I love this page! For me, fan fiction is freeing because the characters aren’t mine. I just find different directions to take the characters in. I find fan fiction characters easier to work with as I already know them.
My specialty is POIROT fan fiction, based on the ITV series. I love David Suchet in the role and the screenwriters have, in the estimations of more than a few readers, done more to flesh out the characters than the original author ever thought to. Kinda sad when you think about it. But what Poirot’s apathetic author didn’t take time for has become my playground and I am LOVING it!
And…well… in truth, I utterly ABHOR agatha chrisite!
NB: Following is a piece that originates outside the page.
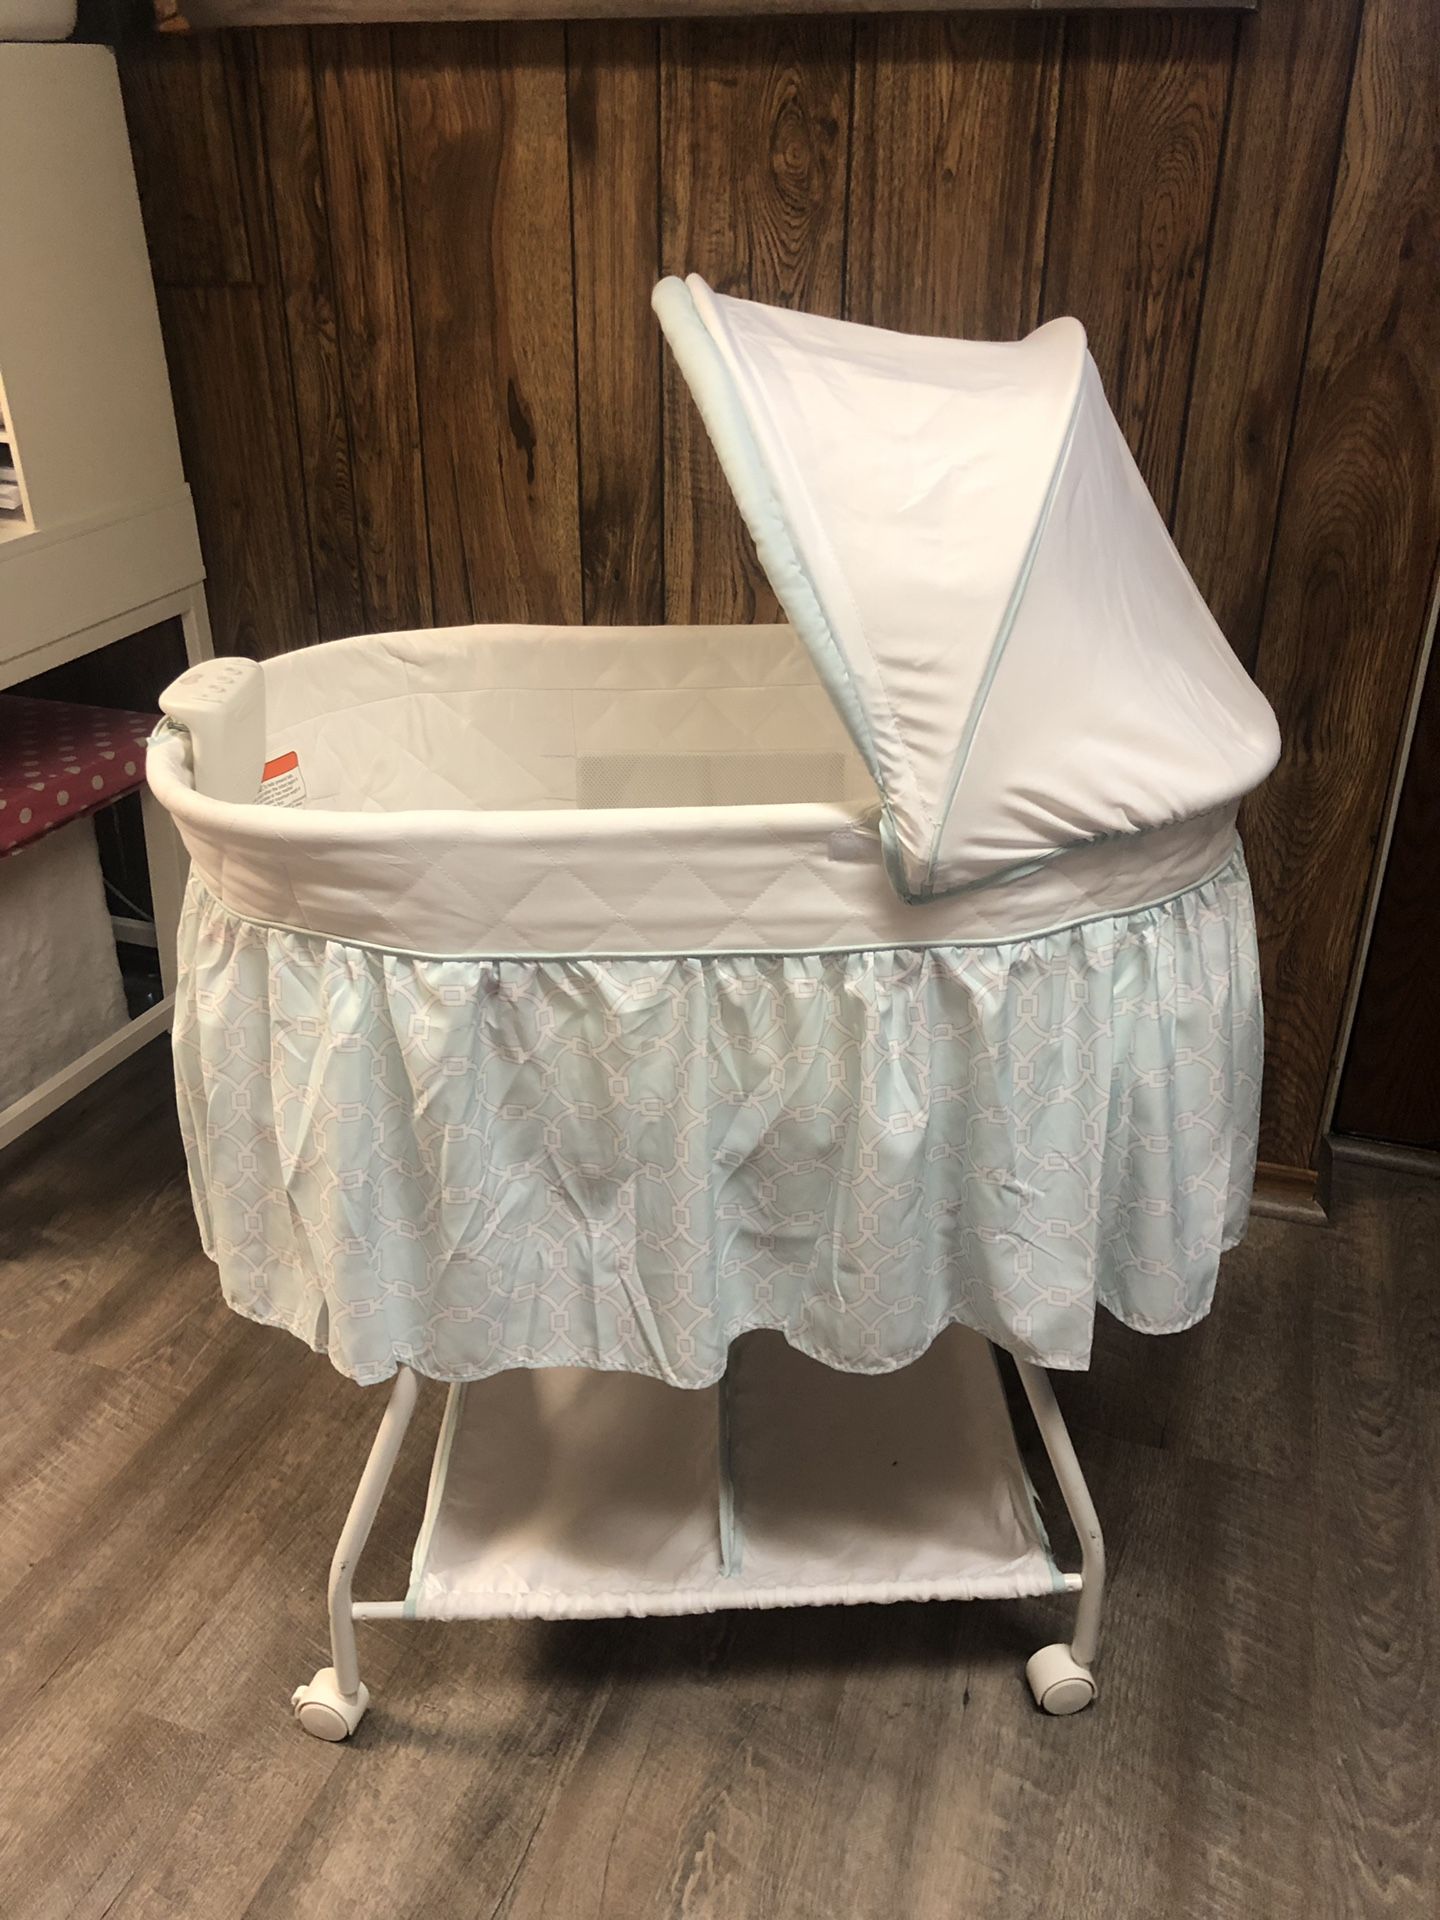 Delta baby bassinet

She treated Poirot like the child she thought she wanted but then treated like an unwelcome guest; referring to him as DETESTABLE and a “conceited creep”. I will NOT have a christie novel of any sort in my home because an author who will NOT support their characters deserves ZERO respect from readers. Period.
Where christie couldn’t be bothered to give Poirot a love story, I will give him a tragic love story that will be part of his back story. Kinda like Eric Segal’s Love Story, only the female character is a LOT kinder than the woman in Segal’s version. For his final story, he will get a DECENT FUNERAL, with full Scotland Yard honors, and his killer will be brought to swift and deserved justice. It may sound a bit sadistic of me to say, but I’m very much looking forward to handing out that justice! If you’re familiar with the series at all, the villain will be someone Poirot long thought to be a friend, and bears a strong ‘creative’ resemblance to the author who hates him.
For the creative end of fan-fiction writing, I’m not sure if it makes writers more ambitious or lazy. I guess we have to take the training wheels off sometime, and go it on our own, but the “TEMPLE OF OUR FAMILIAR” (Alice Walker) can get too cozy to leave.
Lol yeah we’ve all had those moments where we realise that our favourite characters haven’t been given the proper treatment. I think a fair bit of fanfiction is just yelling “WHY MUST I DO EVERYTHING MYSELF SOMEONE GET ME A PEN I’M FIXING THIS” 😂🤣 Sounds like you’ve put a lot of time and effort into giving Poirot the love he deserves!